A verbatim restatement of the data, free of pictures, is what you should output.
Start of DATA SECTION
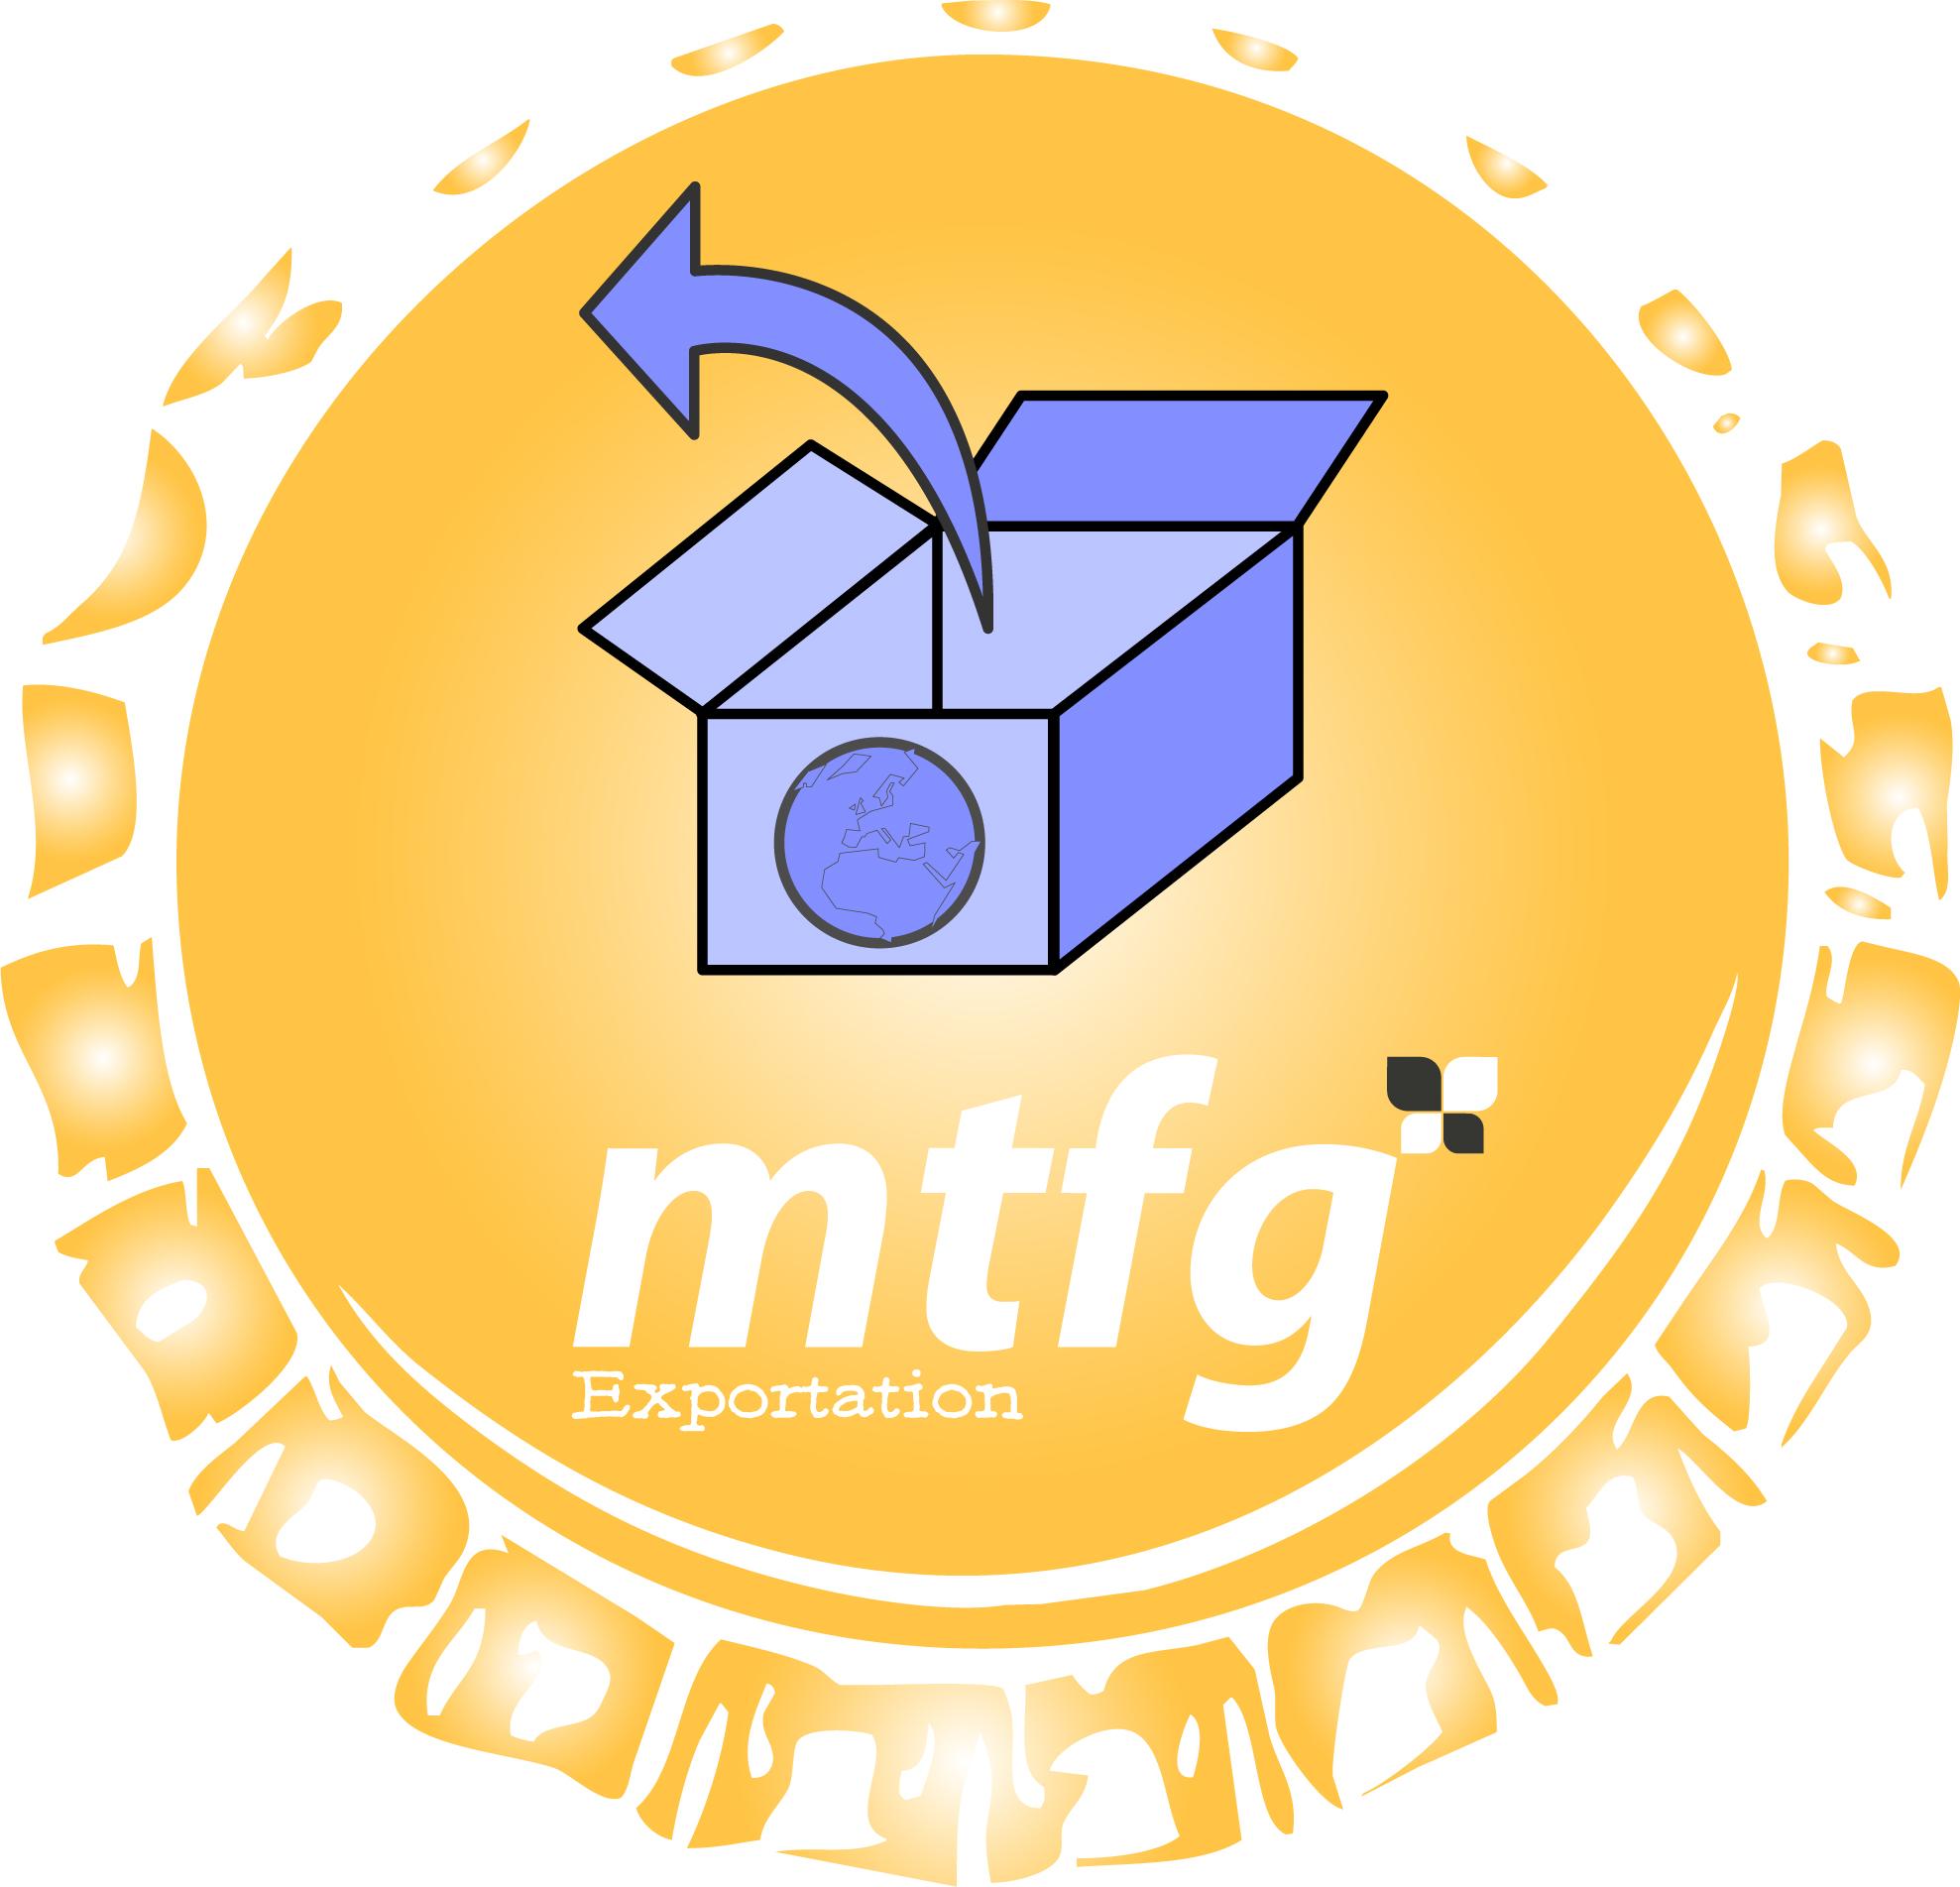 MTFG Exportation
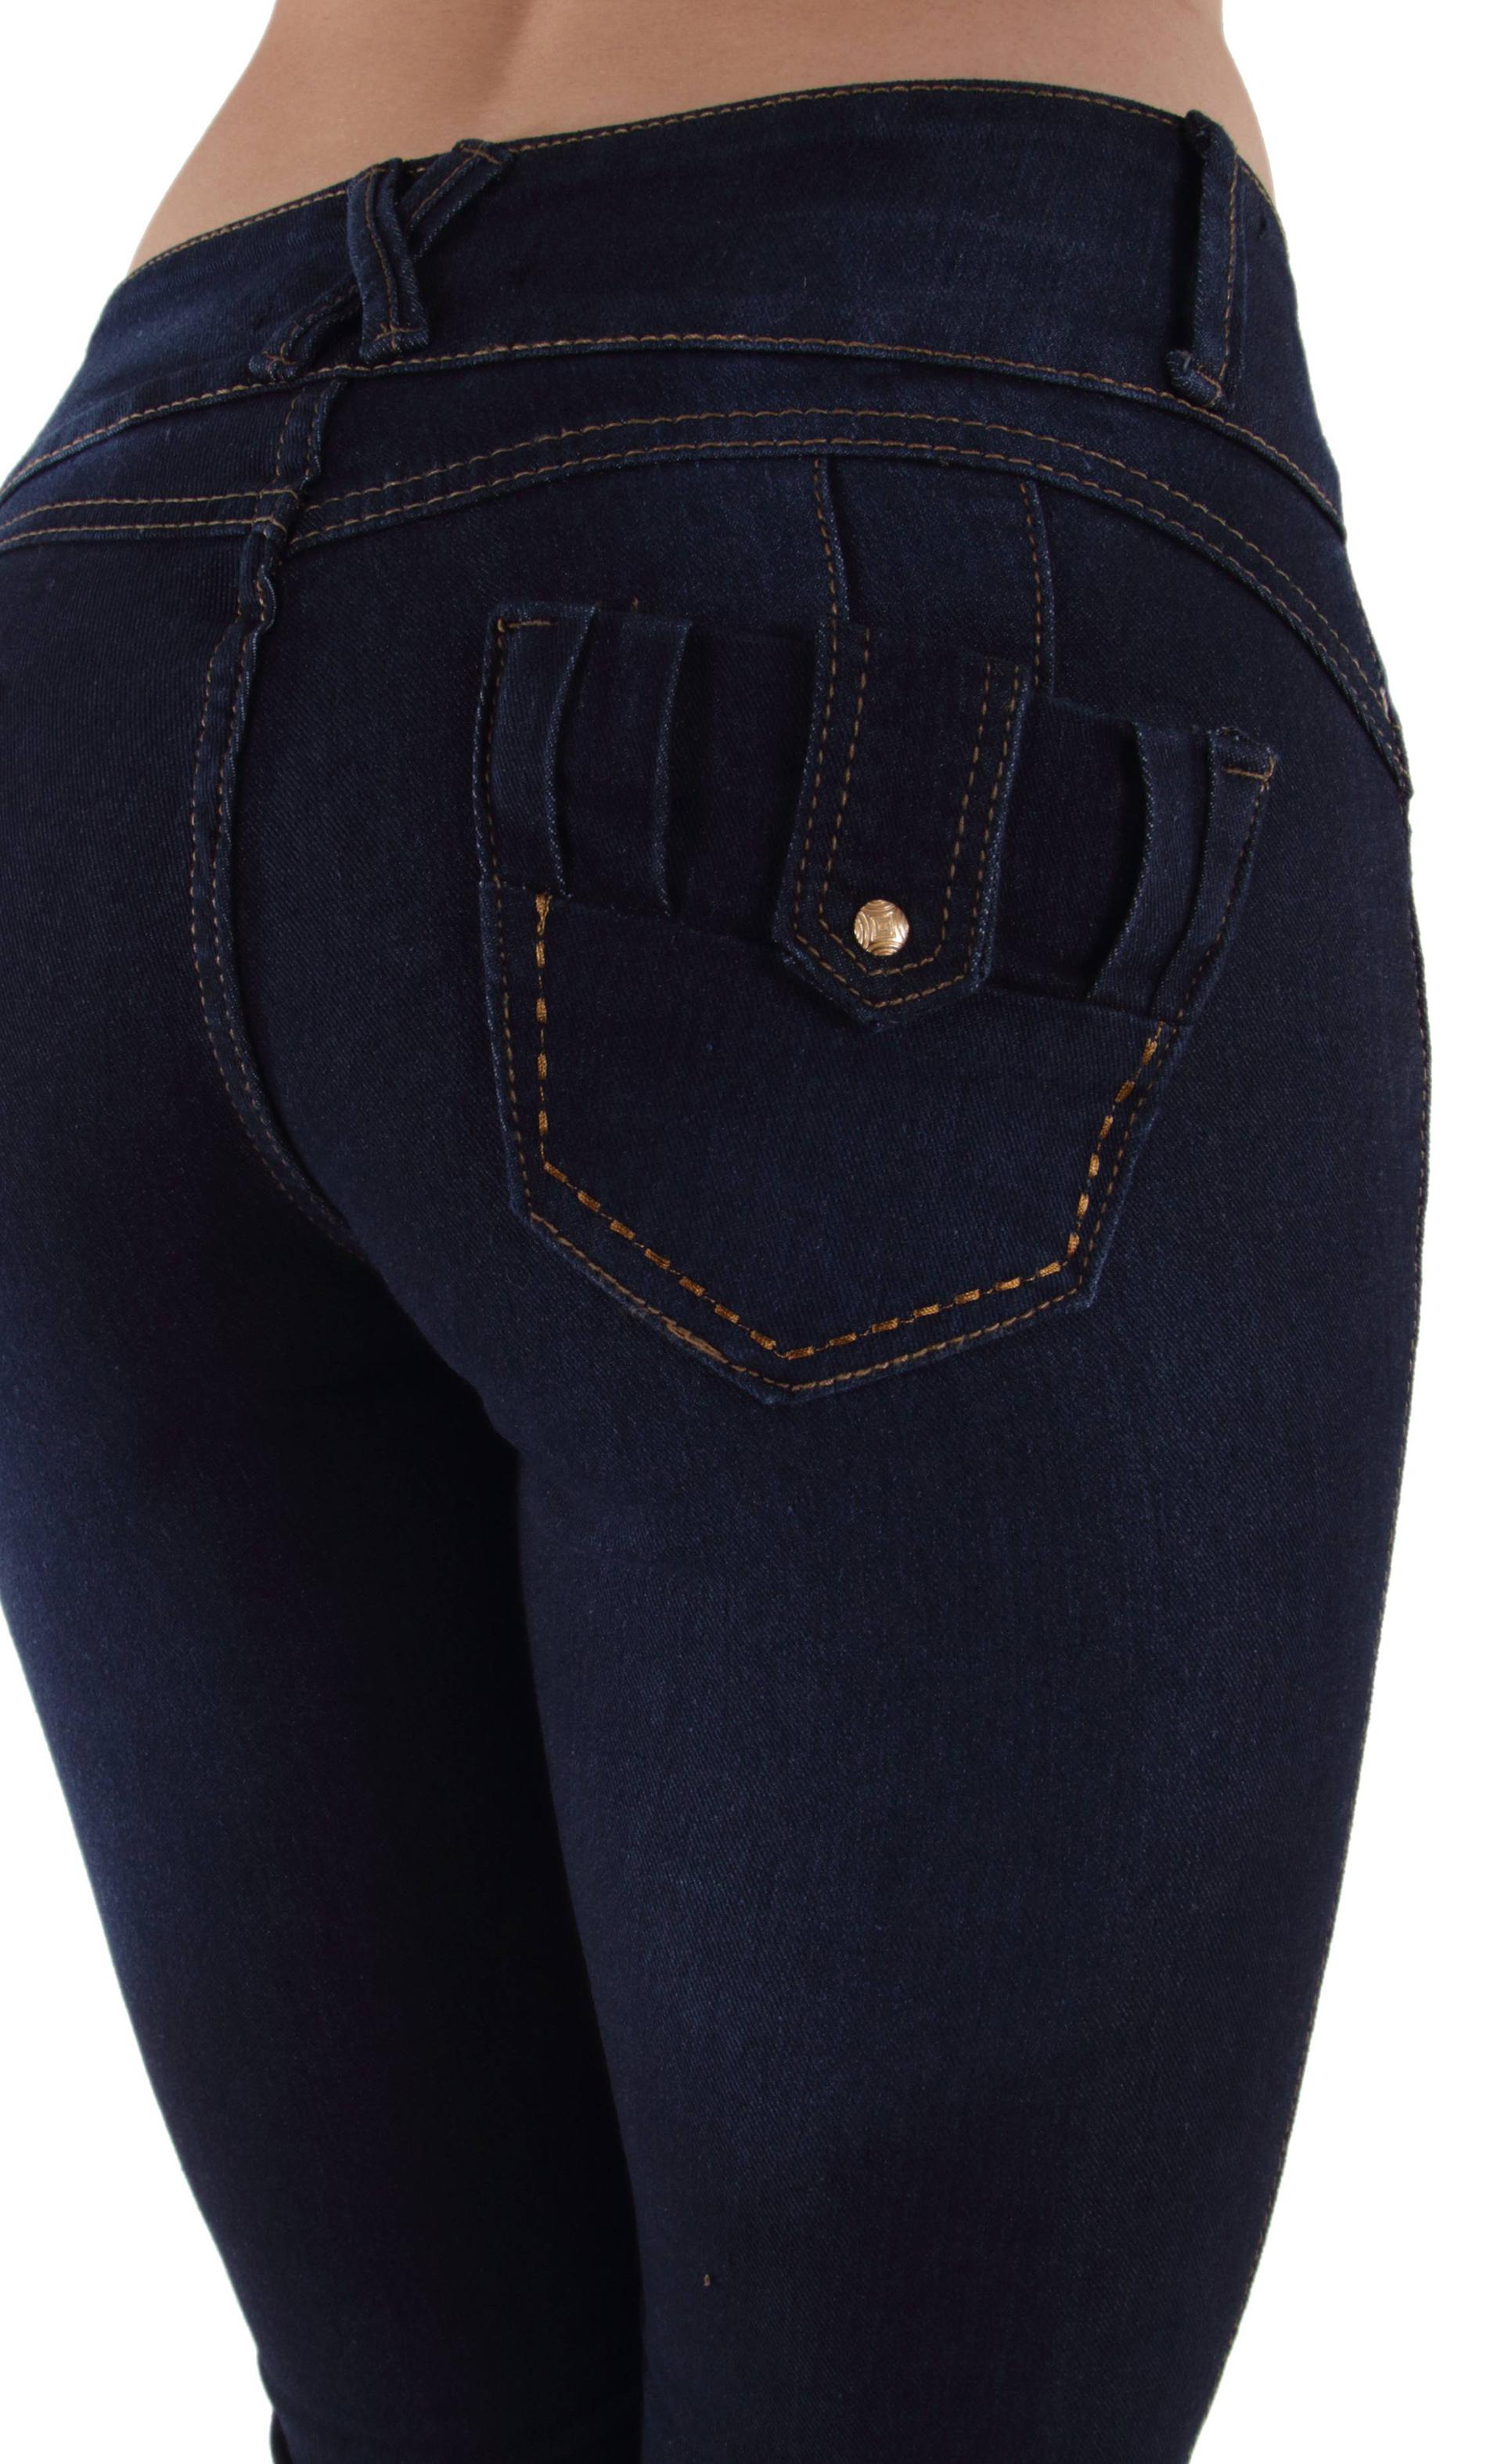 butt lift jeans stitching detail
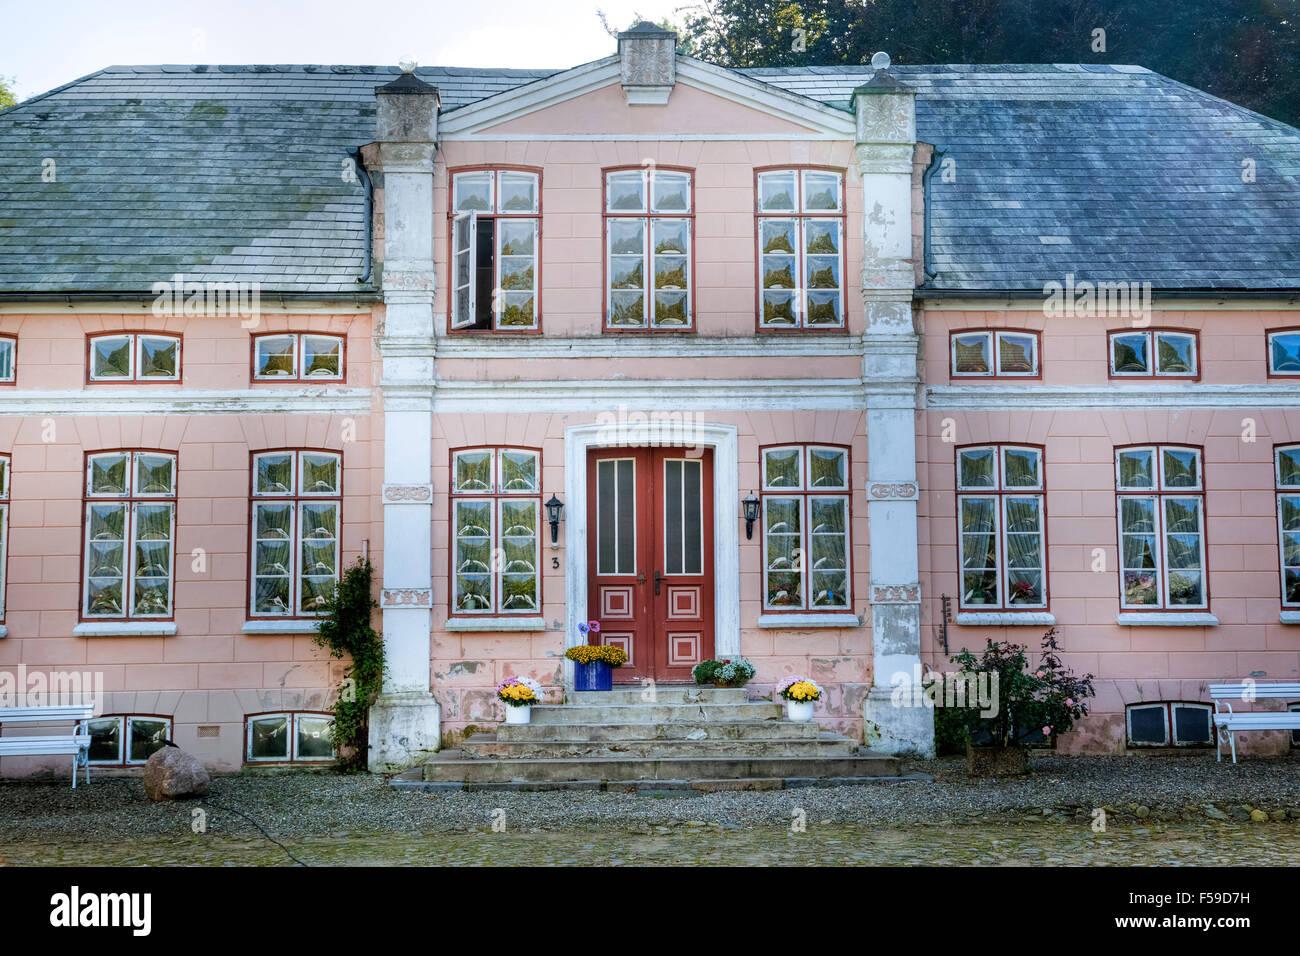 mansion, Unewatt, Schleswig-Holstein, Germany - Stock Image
End of DATA SECTION
» RESPONSE
 MTFG Exportation
 butt lift jeans stitching detail
 mansion, Unewatt, Schleswig-Holstein, Germany - Stock Image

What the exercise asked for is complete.